Вначале Уилфорд рассмеялся и назвал случившееся недоразумением. Когда же де Альмейда заявил, что уходит от него, он сразу стал серьезным и сказал: «Отлично. Но запомните — я никогда никого не беру обратно»[427]. Уходившие от него дирижеры — а решившихся на это было очень немного — понимали, что им будет трудно получить хороший ангажемент в США.
Доверяя своим инстинктам, Уилфорд предпочитал сам выбирать дирижеров и не любил, когда они обращались к нему по собственной инициативе. Урсула Стернберг, жена человека, рассказавшего Уилфорду о Марсо, пришла к нему в 1967 году, чтобы обсудить перспективы своего мужа после их возвращения в США. «Он был очень плохо расположен, холоден и неконструктивен, — сказала она. — Он показал мне ящик и сказал, что в нем полно дирижеров, которые там и останутся. Я выбежала на 57-ю улицу в слезах»[428].
Хосе Серебриеру, уругвайцу, работавшему в середине шестидесятых годов с Леопольдом Стоковским в его последнем коллективе, Американском симфоническом оркестре, посоветовали переговорить с Уилфордом. «Он встретил меня словами: "Вам надо уйти от Стоковского. Этот человек разрушает оркестры"». Серебриер, проглотив оскорбление, нанесенное его кумиру, достал рецензии на свои последние концерты в Нью-Йорке. «Это меня не интересует, — сказал Уилфорд. — Все мои дирижеры получают плохие рецензии, но у всех есть работа»[429].
Наблюдая за полными надежд претендентами, толпившимися перед дверью его кабинета, Уилфорд громко смеялся над их неловким видом. «Кто-то из них пришел и сказал мне: "Я — величайший дирижер в мире". Я встал и ответил: "Ну что ж, приятно познакомиться с вами. Вы, по-видимому, во мне не нуждаетесь". Больше я об этом человеке не слышал. Ясно, что таким образом никто дел не делает», — усмехался он, рассказывая эту историю интервьюеру с Би-си-си[430].

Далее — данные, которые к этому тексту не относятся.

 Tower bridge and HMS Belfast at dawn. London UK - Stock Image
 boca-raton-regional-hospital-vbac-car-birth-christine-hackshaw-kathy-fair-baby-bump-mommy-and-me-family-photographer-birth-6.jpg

Единственным, что роднило его с Джадсоном, помимо демонического стиля работы, было поразительное ощущение времени. Уилфорд возглавил отдел как раз тогда, когда на сцену вышла целая плеяда талантливых молодых дирижеров, может быть последняя, которую суждено было увидеть миру. В нее входили итальянцы Клаудио Аббадо и Риккардо Мути, американцы Андре Превен[431]*, Джеймс Ливайн и Майкл Тилсон Томас[432]*, немцы Карлос Клайбер и Курт Мазур[433]*; в Голландии появился Бернард Хайтинк, в Англии — Колин Дэвис[434]*, на американской сцене блистал японец Сейджи Озава. Маазель, Мета[435]* и Баренбойм, входившие в окружение Стерна, в сети Уилфорда не попали.

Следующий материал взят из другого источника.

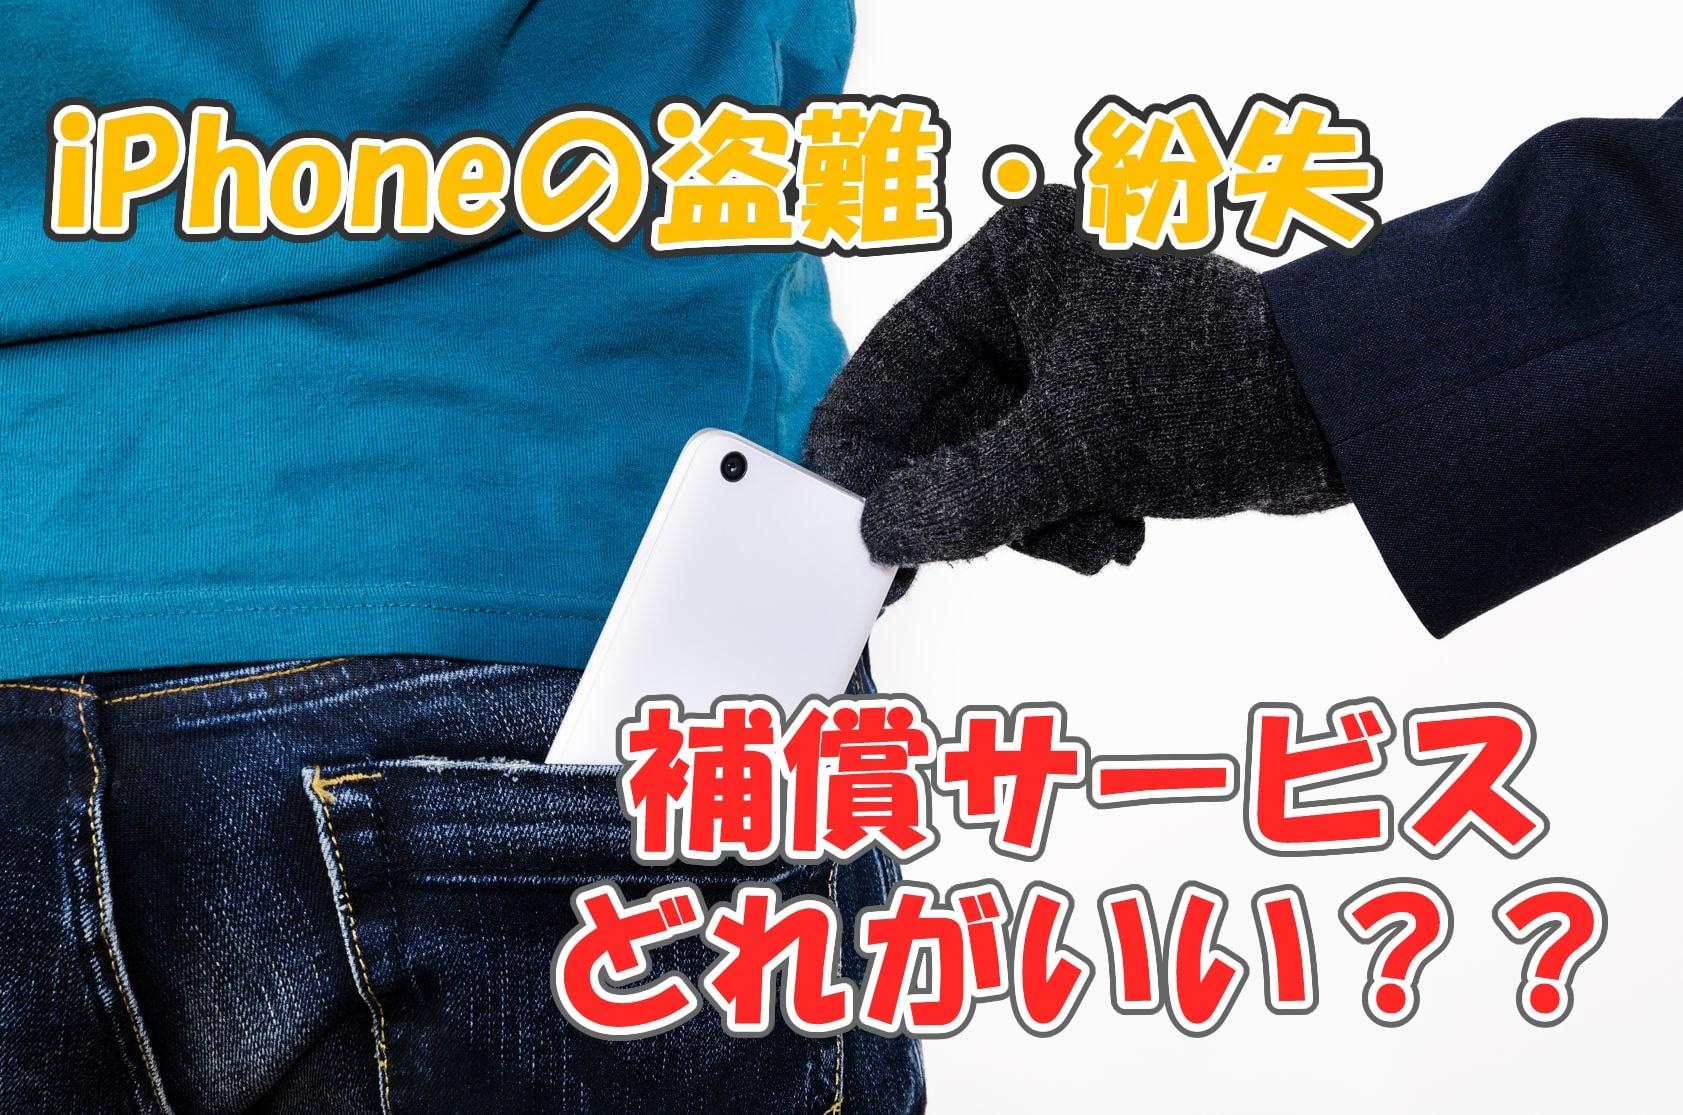 iPhoneの盗難や紛失の補償サービスはどれがいい?

Позднее Уилфорд приписывал себе заслуги в открытии этого поколения. «Я работал с большинством из тех, чьи дела сегодня веду, еще до расцвета их карьеры, — говорил он. — Аббадо был ассистентом в Нью-Йоркском филармоническом; никто его не знал. Когда я встретился с Мути, он был просто молодым флорентийским парнем. Озава, совсем еще мальчик, хотел получить въездную визу в США. Превен работал пианистом в джазе, он продирижировал одним-единственным концертом, и это я сказал ему, что он должен стать дирижером. Я делал то, во что верил. Я делал это еще до прихода в "Коламбию"; у меня был собственный бизнес»[436]. Именно таким он хотел представить себя — преданным менеджером, ставшим благодаря своему чутью на таланты «делателем королей» в классической музыке. Конечно, этот образ не составлял и половины портрета невероятно противоречивой личности.

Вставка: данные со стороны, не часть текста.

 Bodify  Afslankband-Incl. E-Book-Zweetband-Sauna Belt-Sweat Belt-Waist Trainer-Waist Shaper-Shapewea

Он страстно желал власти и положения, но, достигнув их, пытался избежать публичности и отказывался от ярлыка «делателя королей». «Я не играю в Бога», — любил повторять он. Он изъяснялся на бесцветном жаргоне международных чиновников, но когда его настойчиво просили дать определение самому себе, говорил о своем «призвании». Он оценивал артистов беспристрастным взглядом скототорговца, но, поддавшись один раз чувствам, уже не мог сопротивляться их ауре. «В этом моя проблема, — признавался он. — Когда я слышу каких-то хороших музыкантов, мне хочется с ними работать. Я хочу понять, кто они, и как это у них получается, и что это вообще такое. Я хочу чувствовать это. Я хочу быть связанным с ними».
Пылкая, но скрытая эмоциональность Роналда Эндрю Уилфорда была его секретным оружием, осадной тактикой, настолько явной и непритворной, что — учитывая сулимые им золотые горы — мало кто мог ему сопротивляться. Когда Уилфорд завязывал отношения с дирижером, он обещал ему не блестящую карьеру, а всего себя без остатка. Наблюдателя мог позабавить процесс соблазнения, в котором соблазнитель выглядел явно более уязвимым, чем намеченная им жертва. Роналд Уилфорд, как милости, жаждал признания от всех и каждого, кто входил в его списки — а их было более шестисот. «В детстве мною часто пренебрегали, — признавался он, объясняя психоаналитическую основу своего поведения. — Это определило все мои эмоциональные проявления»[437].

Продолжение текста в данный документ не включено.